So I think about performance about energy density.
And then because a lot of your costs are fixed on a per cell basis, right?
You need to make a single cell no matter what energy it's stored,
you have a lot of fixed costs,
the higher amount of storage in a cell,
the lower the cost goes in general.
Yeah. So performance and cost are very related.
Okay. All right.
So I interrupted you, but that's helpful.
So you were talking about how we went, you know,
cobalts and nickel to iron because cheaper and cheaper,
but less performant.
And in this case, what you mean by less performant
is lower watt hours per liter.
And therefore lower range for vehicles, right?

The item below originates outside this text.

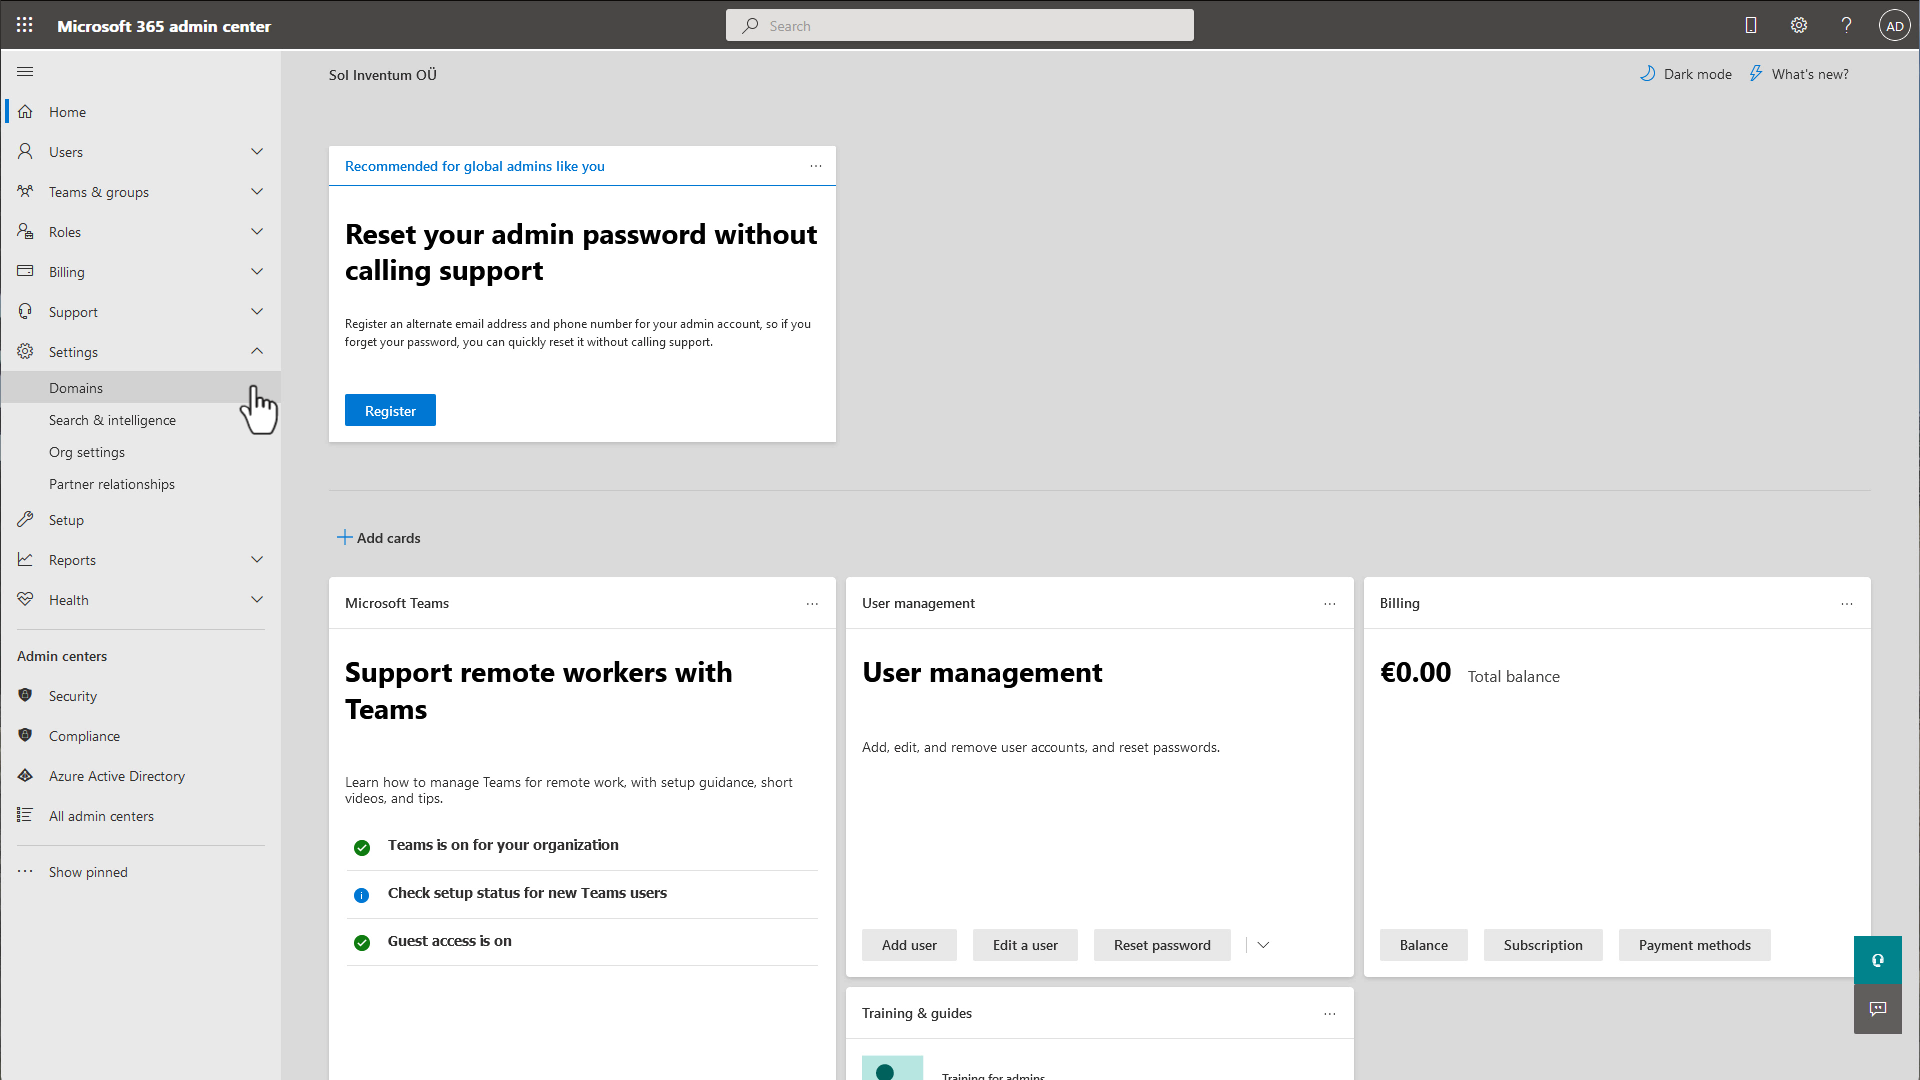 Microsoft 365 Admin Portal Expanded Navigation

So iron-based vehicles have lower range, the nickel-based vehicles today.
They're really kind of marginal, but they're good enough for some markets.
They're good enough for some consumers, but they're not great for everybody.
That speaks to a bigger thing for us to talk about because I want to get to what's happening
in the EV market today.
But it's an interesting, if you think about it in that frame, right, like the trade that
we've been making broadly over time, as you said, is toward lower cost, shorter range,
all things equal, right?
because we've gone from cobalt to nickel, nickel to iron.
So now, like, LFP is on the ascendant path.
And that presumes that trade is worth making.
That, like, the downside, which is lower range
or needing to put in a bigger battery in order to get the same range,
was worth doing in order to get to, like, a cost point
that maybe brings more consumers into the market.
So there's this implicit trade that the industry has been driving toward
for a decade plus, do you think that that's a false trade, or do you think that, or do you think
it's the right thing to do, I guess, for the industry? I think it's necessary, but not sufficient.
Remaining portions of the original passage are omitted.